- What to produce -
Pictures do not belong in the copy. Write out exactly the lines from the one containing "Střecha 4 X 6" through the end of the data.

- Data provided -
┌────────
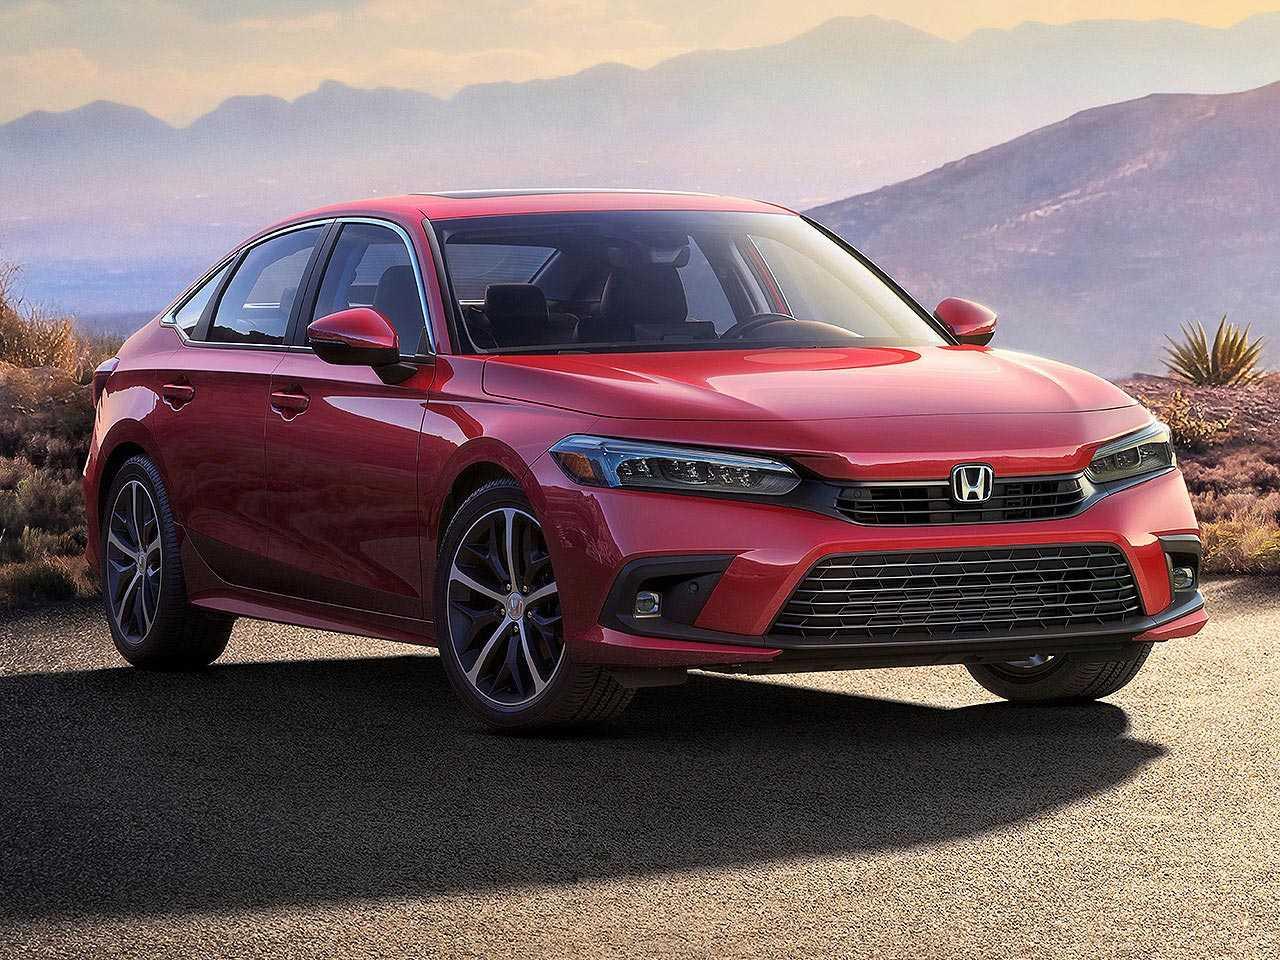 Primeira imagem oficial da nova geração do Honda Civic
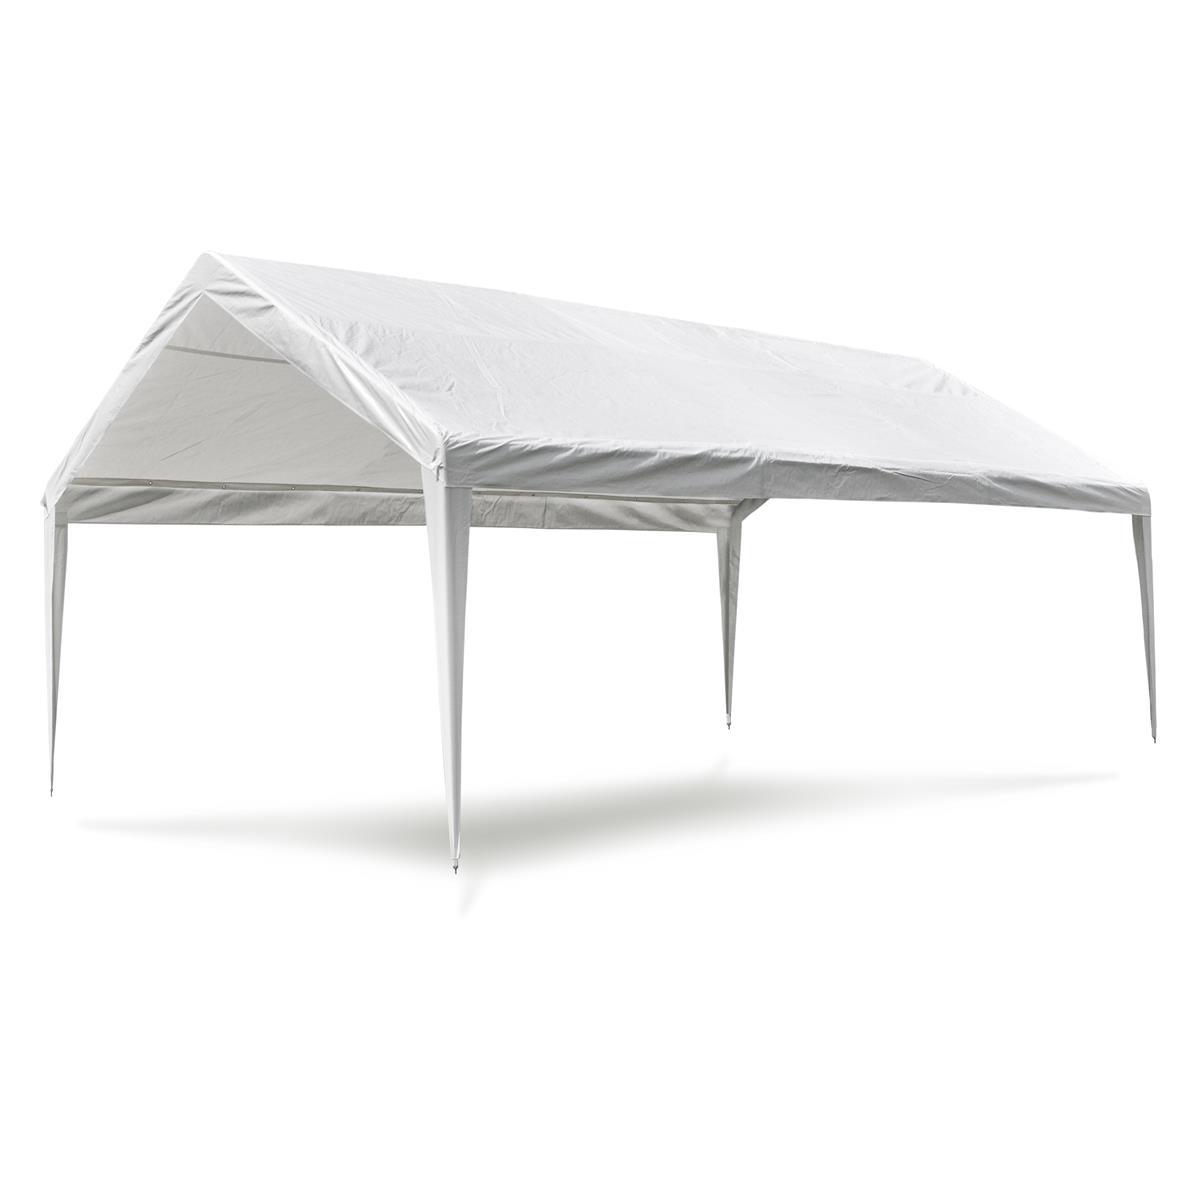 Střecha 4 X 6
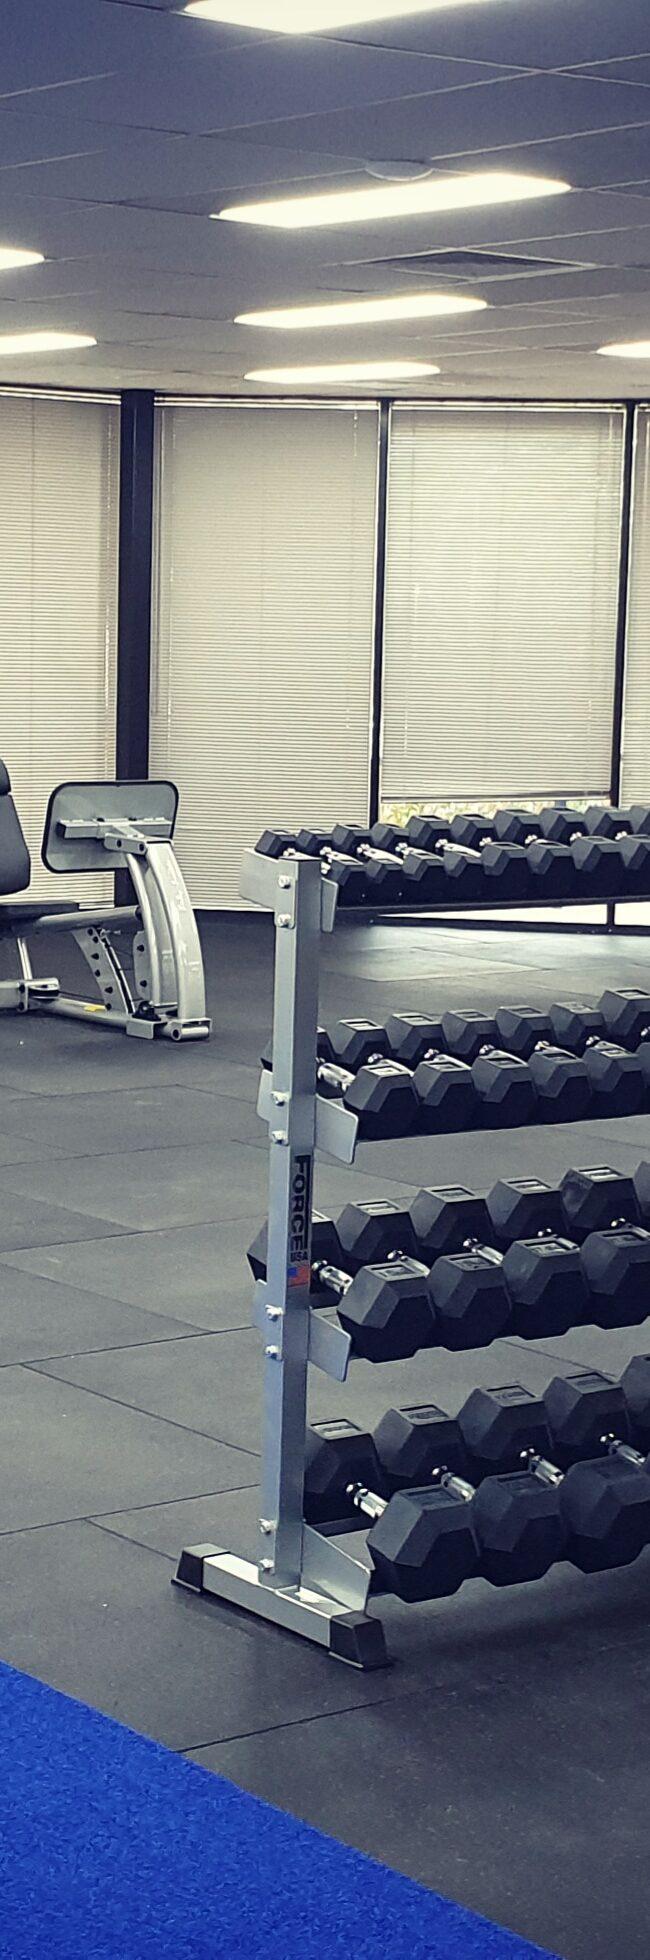 Gym Equipment Installation
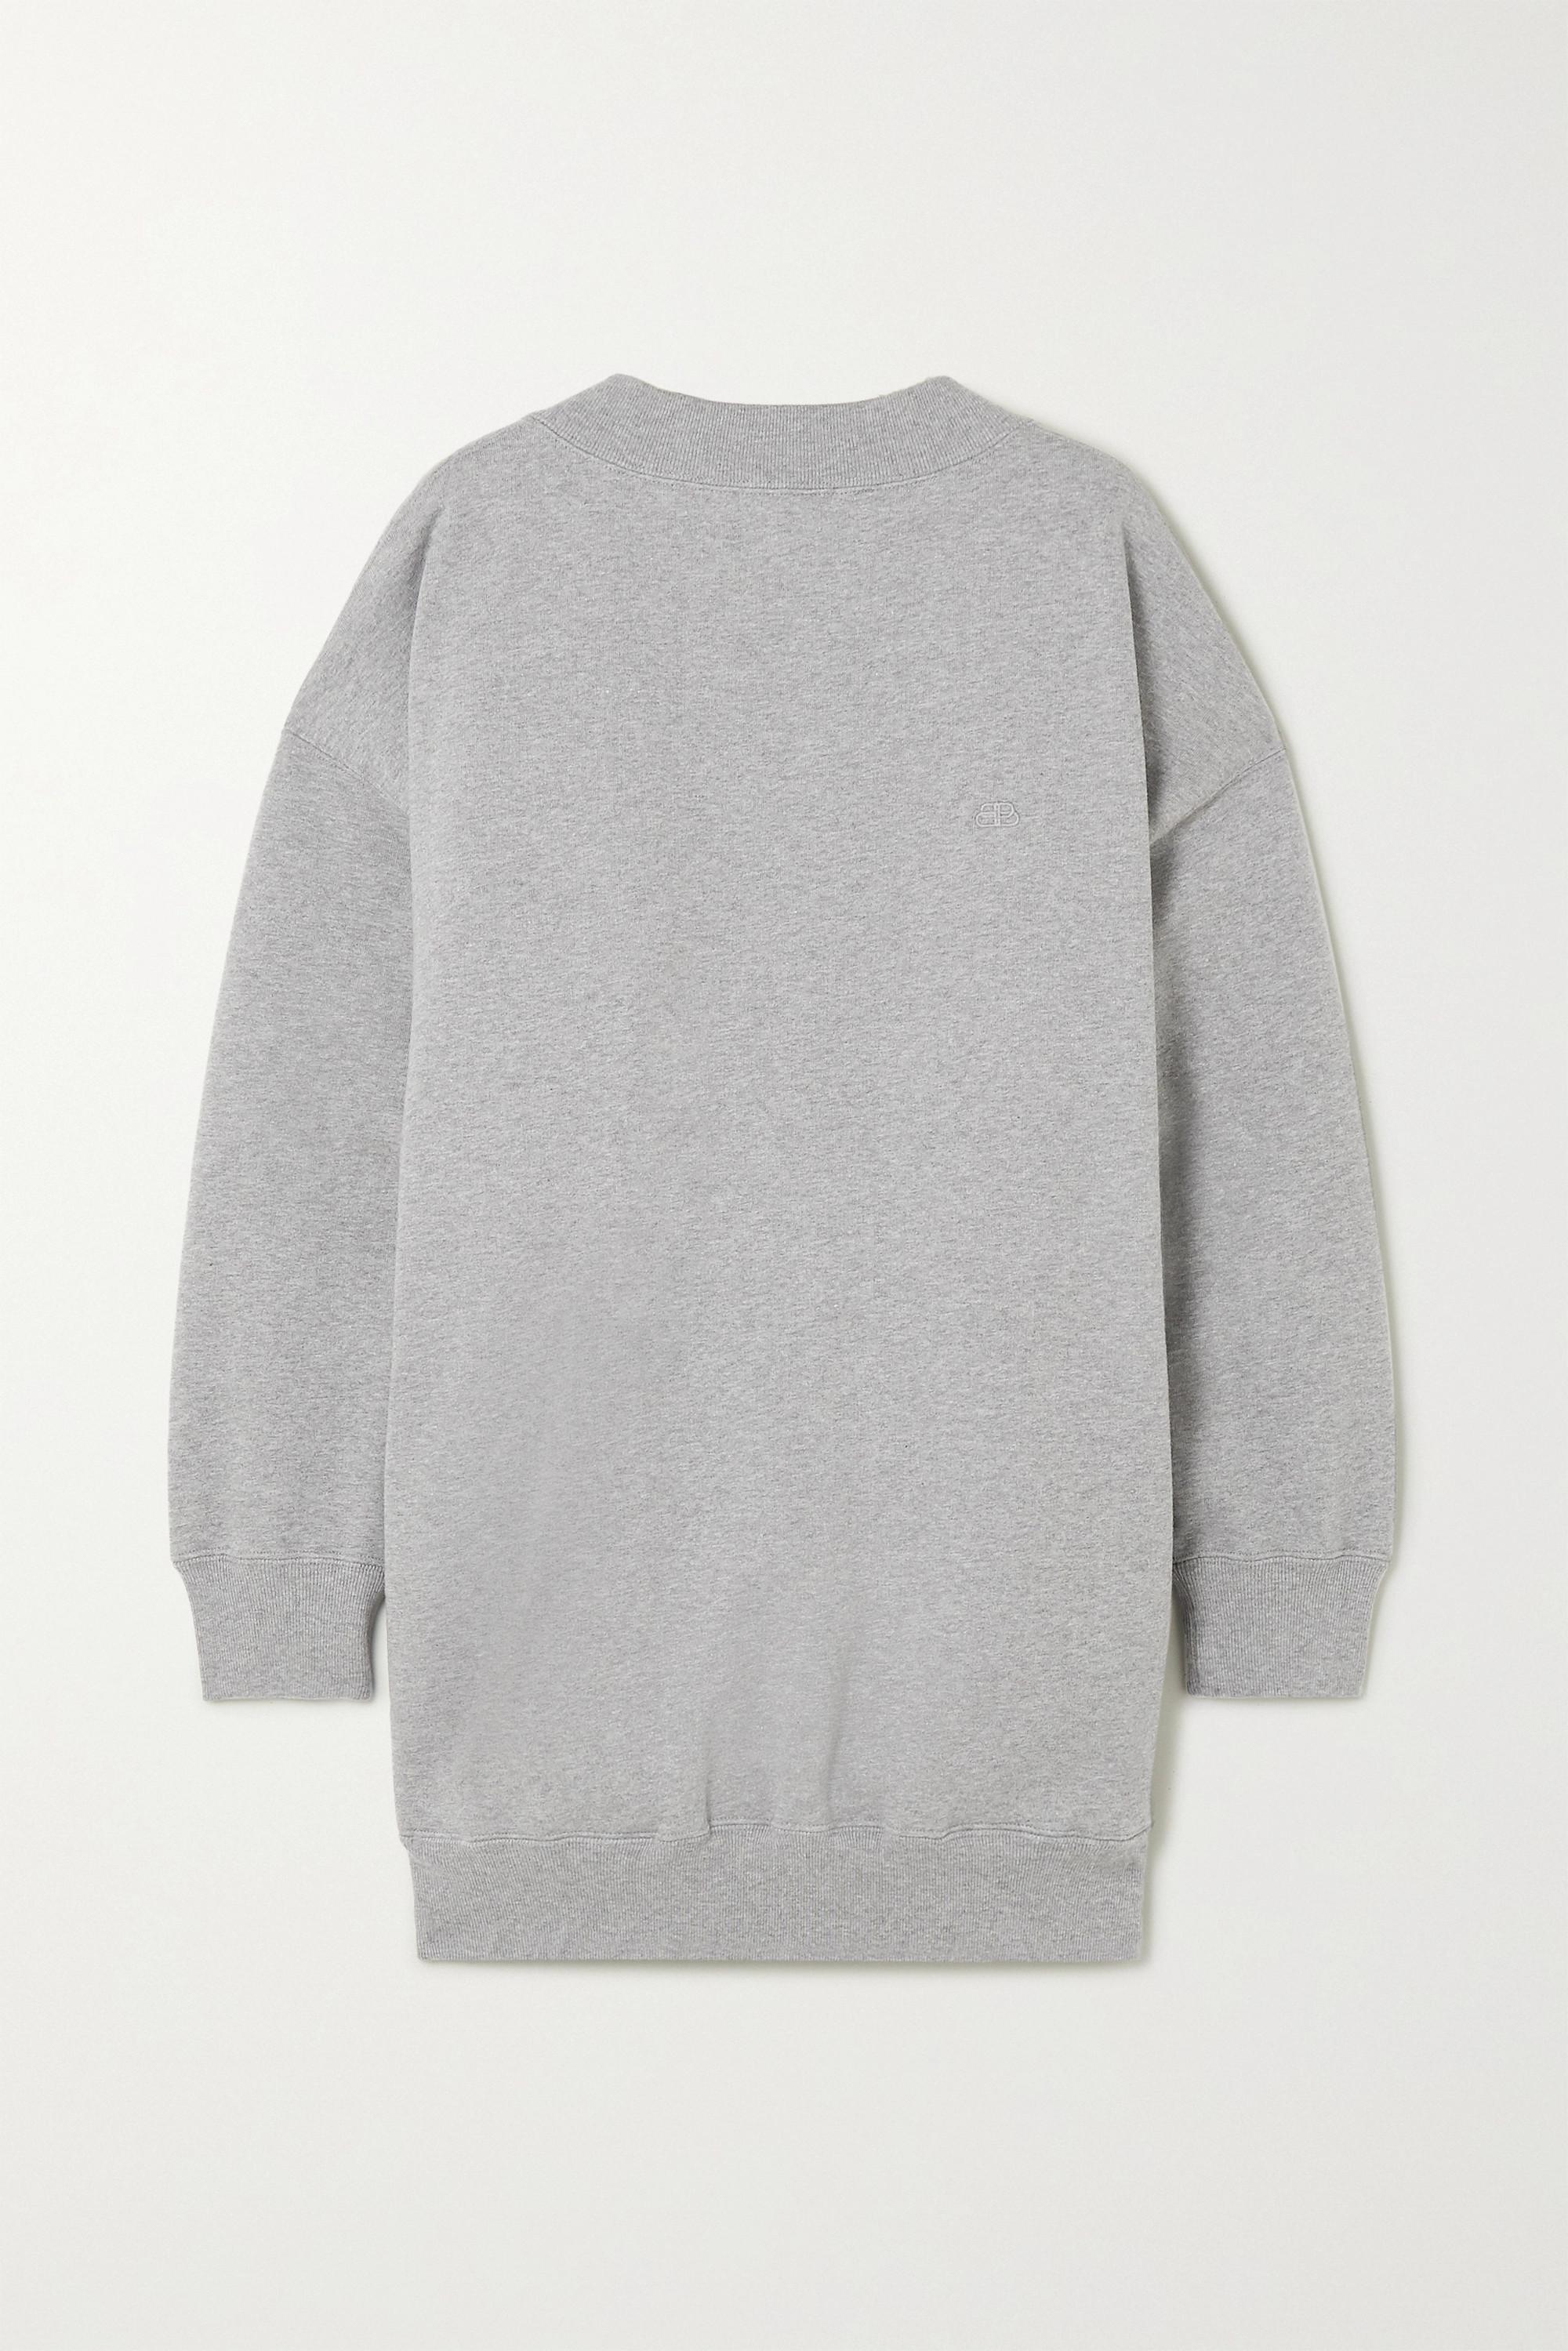 Balenciaga Cristobal 大廓形纯棉平纹布卫衣
└────────
- Answer area -
 Střecha 4 X 6
 Gym Equipment Installation
 Balenciaga Cristobal 大廓形纯棉平纹布卫衣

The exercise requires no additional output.